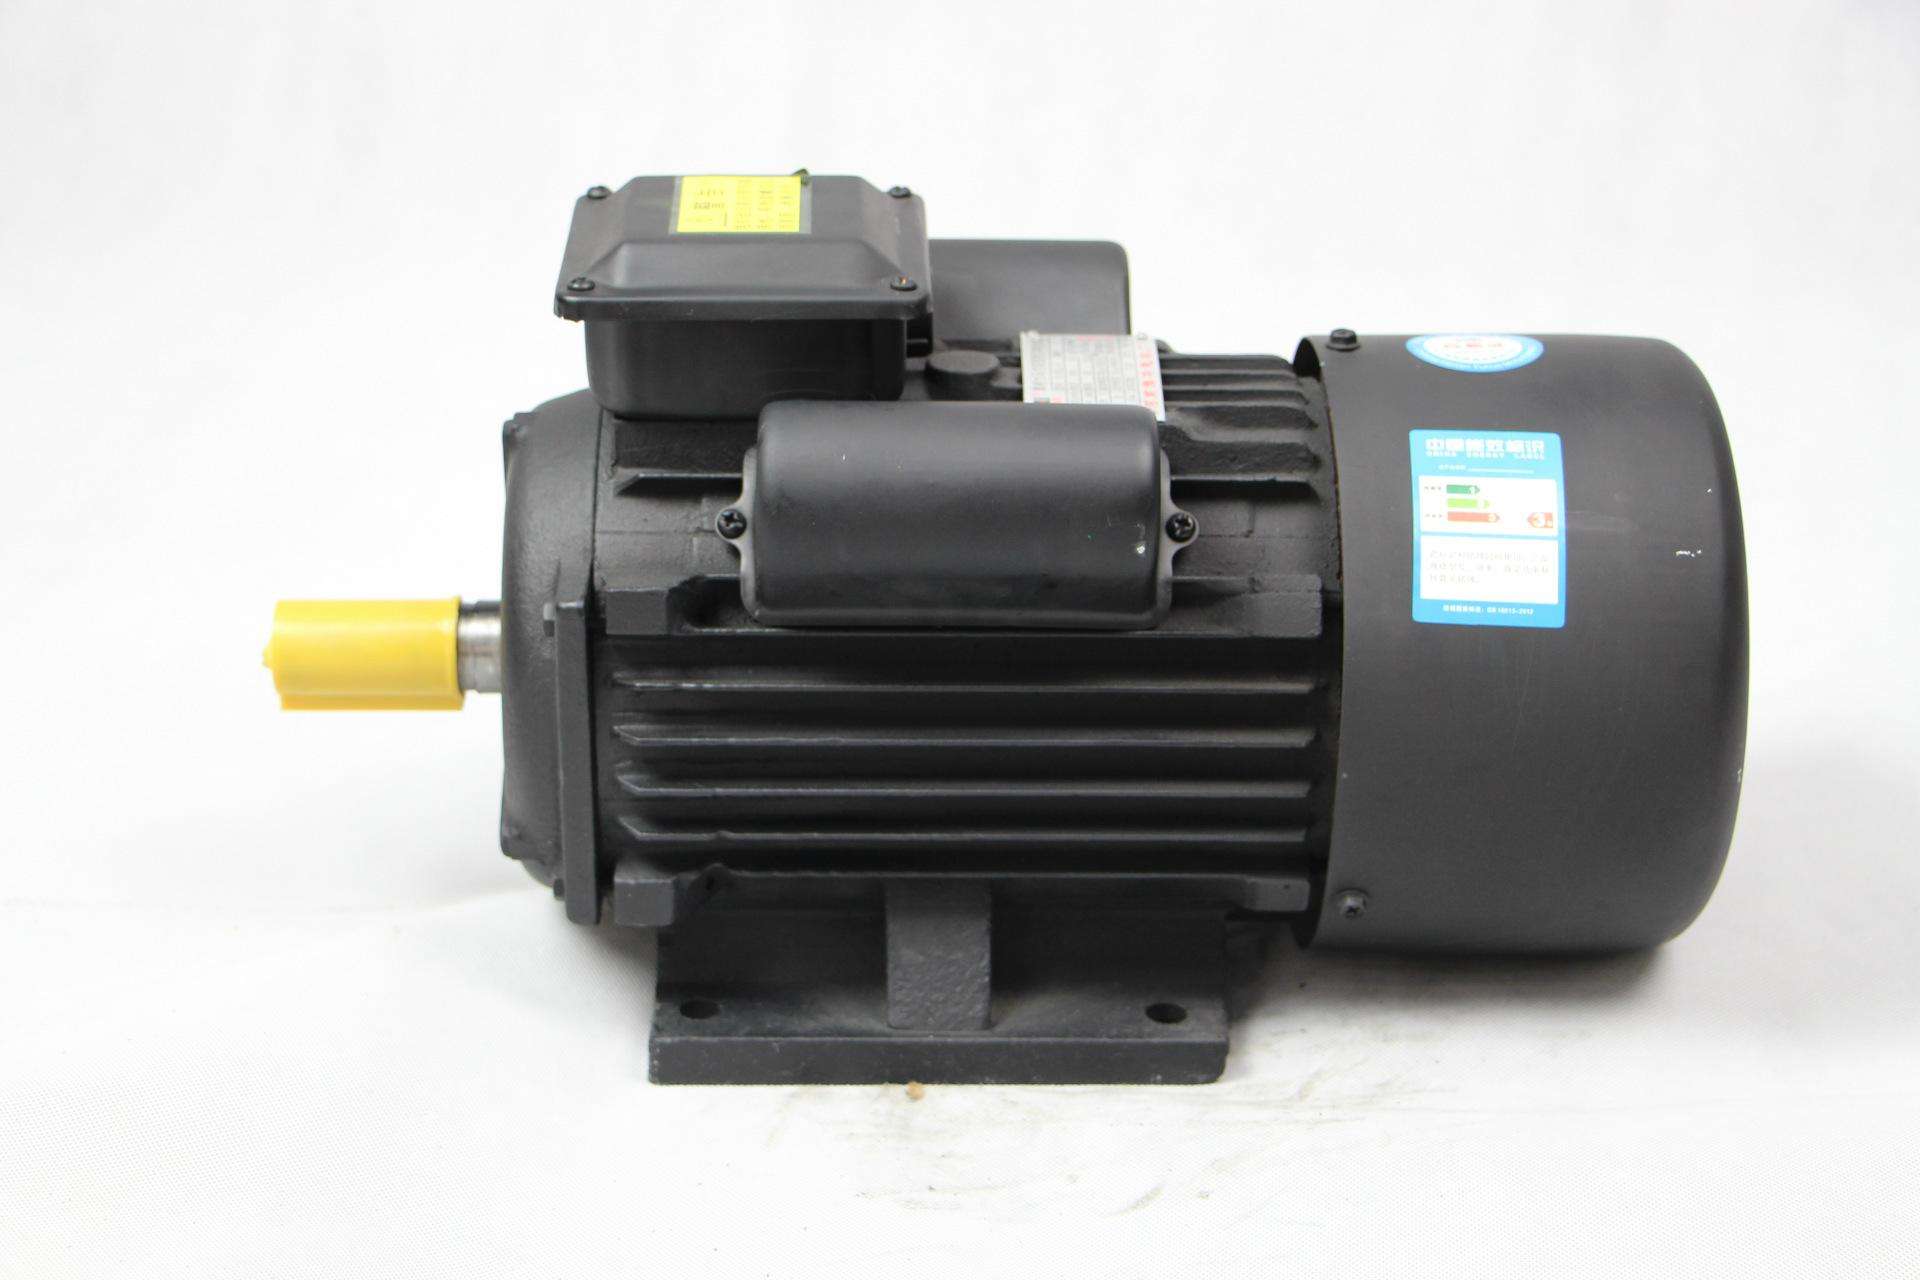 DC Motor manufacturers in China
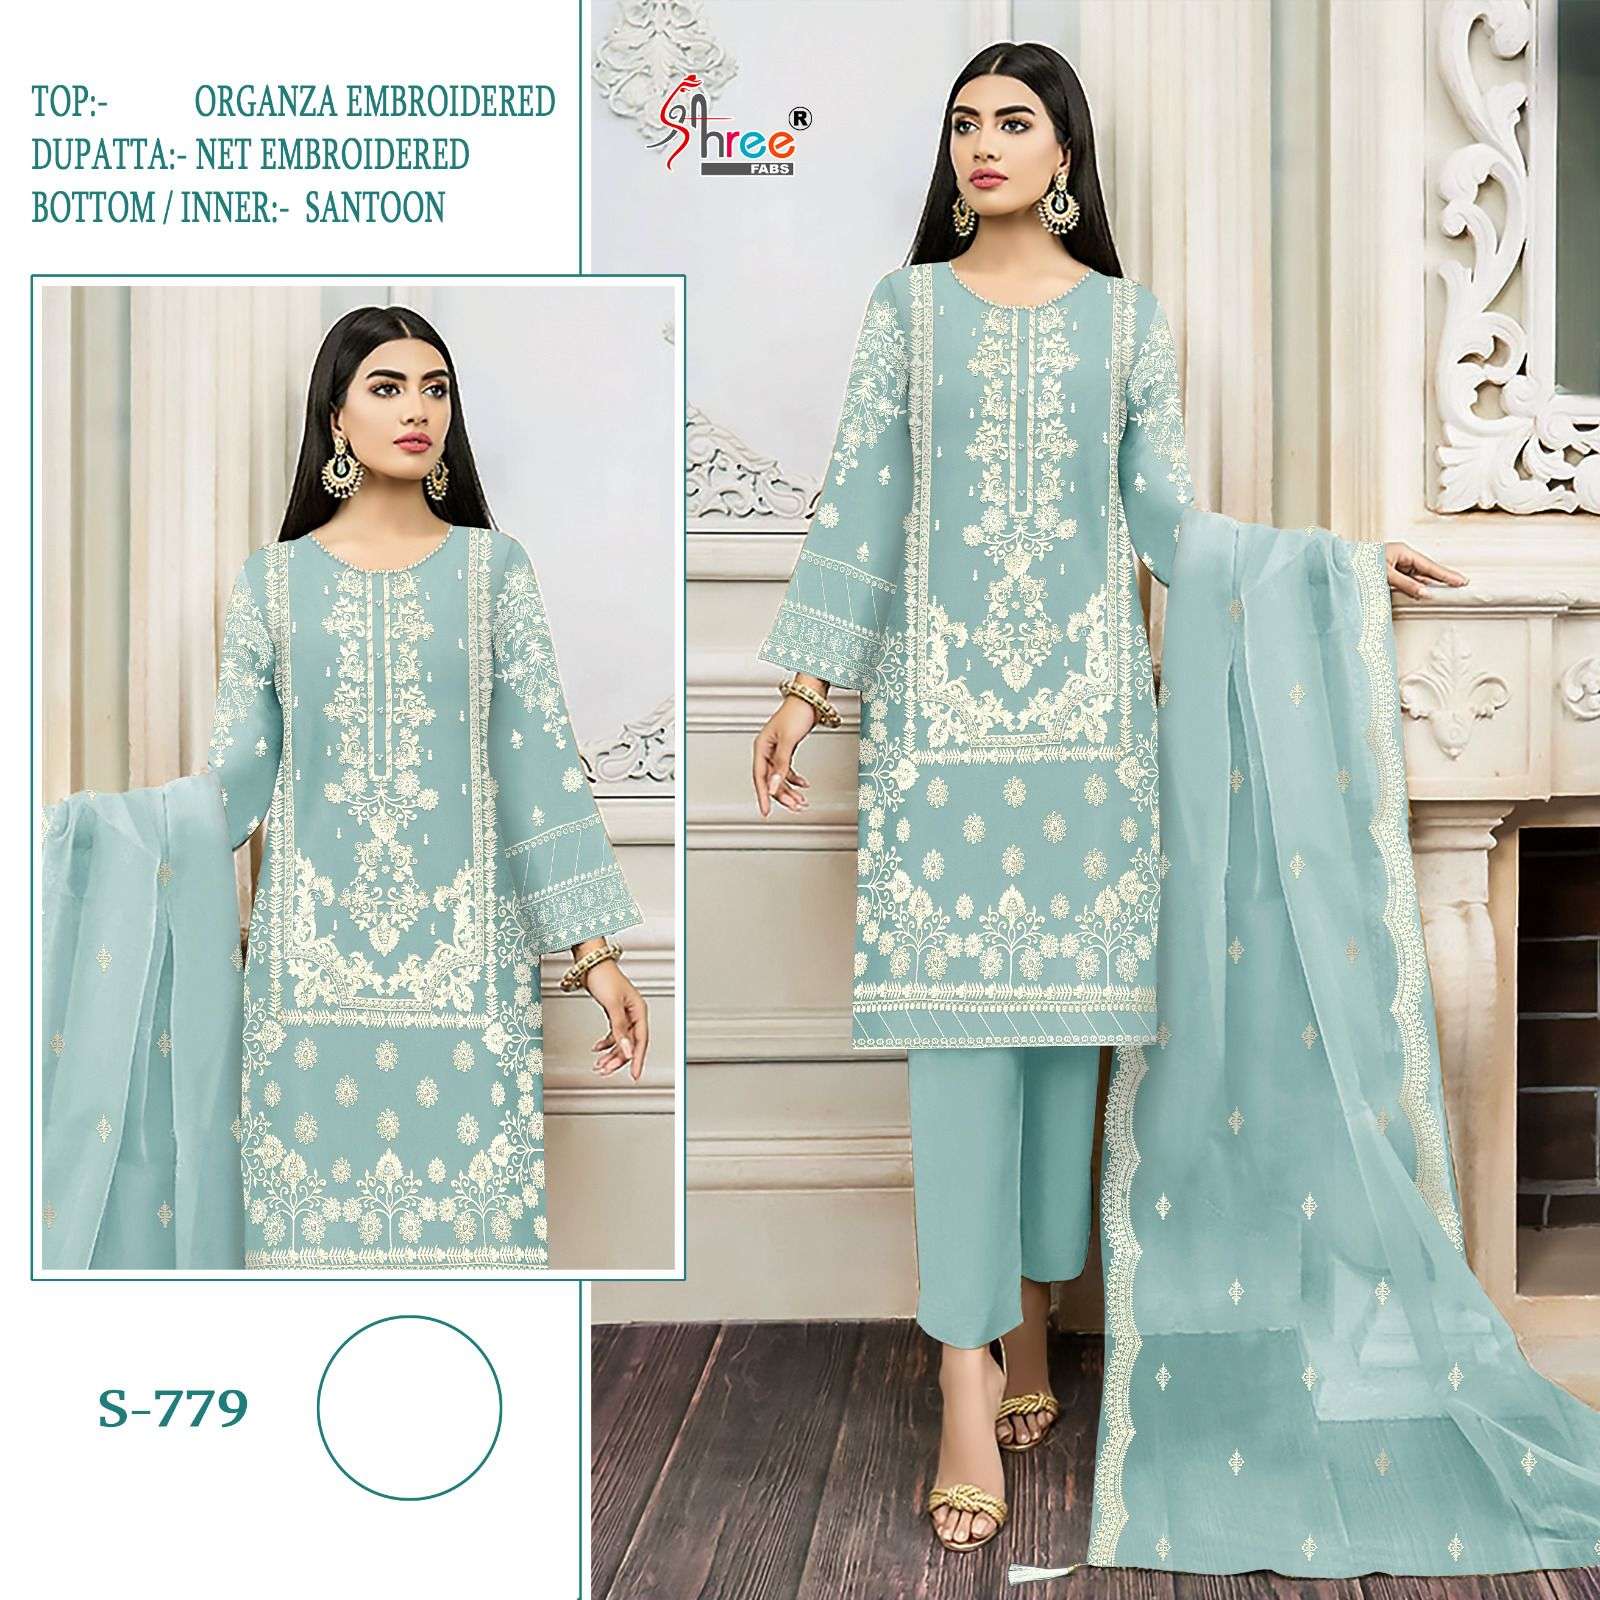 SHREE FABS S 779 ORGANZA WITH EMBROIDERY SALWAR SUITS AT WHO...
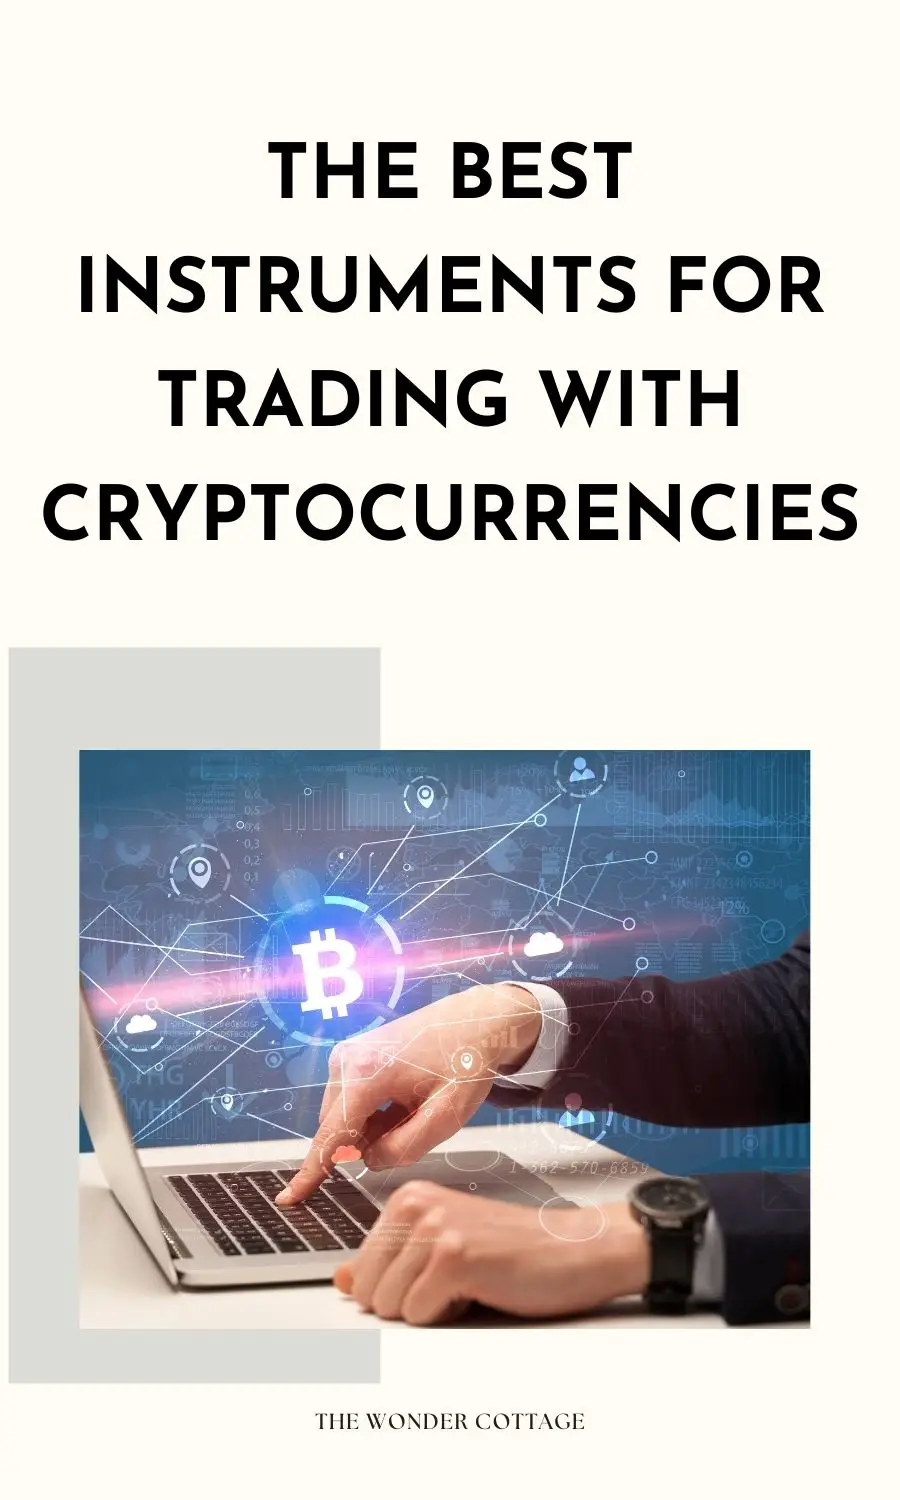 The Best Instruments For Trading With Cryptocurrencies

**AIM OF THE EXERCISE:** Please copy out the whole listing exactly, minus its pictures.

**OUTPUT FOR THIS TASK:**
 DC Motor manufacturers in China
 SHREE FABS S 779 ORGANZA WITH EMBROIDERY SALWAR SUITS AT WHO...
 The Best Instruments For Trading With Cryptocurrencies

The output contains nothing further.